There have been just enough hot sunny days to remind me how much I prefer the shade to sitting, or walking, or doing almost anything in the sun. Shade, that is, with sun round the edges; pools of shade, as under trees, for example. Perhaps I am like a camera film that renders the shady foreground well enough., but can’t handle the light beyond. The image burns out.
The garden is close to monochrome at present, or rather we have so many flowers in the hard-to-name purpley-bluey-lavender-violet range that it looks as though I’ve done it on purpose. They take their cue, it seems, from The Geranium of the Millenium – for surely Rozanne has earned that title.
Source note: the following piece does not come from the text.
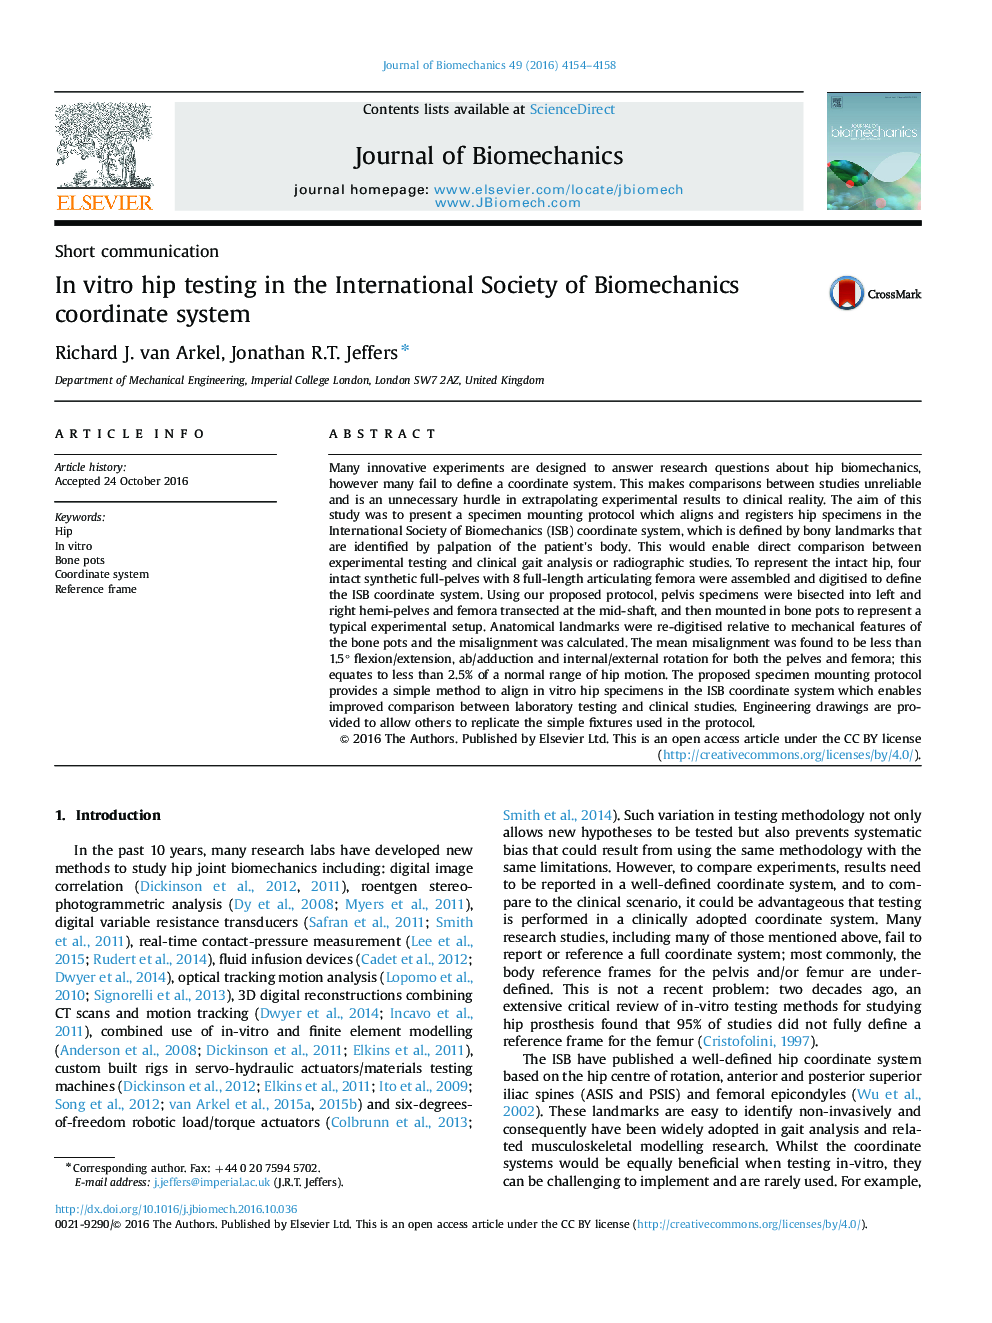 Short communicationIn vitro hip testing in the International Society of Biomechanics coordinate system

You see her everywhere, as you did Verbena bonariensis a year or two ago – and still do in this garden. Come to that their colours are both in the same part of the spectrum.
So are the little viola that spent the winter in a pot indoors and gamely flowers on in her summer quarters, Campanula persicifolia, a catananche I’ve taken up with, Tulbaghia violacea, which I’m told is rather charmingly known as Society Garlic, and the best of all summer clematis, Perle d’Azur. The newer and smaller Prince Charles is a relatively feeble version of the same colour.
I can’t be held responsible for the roses that flourish high above the wall on our neighbour’s side. They make sure no colour scheme of ours will survive. But do I mind? No, I’m not a schemer at heart, and their Wars of the Roses red and white is a splendid statement. Then on our side there’s Iceberg, Gloire de Dijon, Alister Stella Gray – all our old favourites – and Bantry Bay (perhaps a mistake; pink looks like a compromise).
What astonishes me is how much water everything wants. Above all, of course, the pots. When we go to Wales for two weeks I shall rely entirely on a newly-acquired Aqua-Pod dripper system. The landlord of the corner pub nourishes a lurid display with it. But then he doesn’t take a fortnight off in Wales.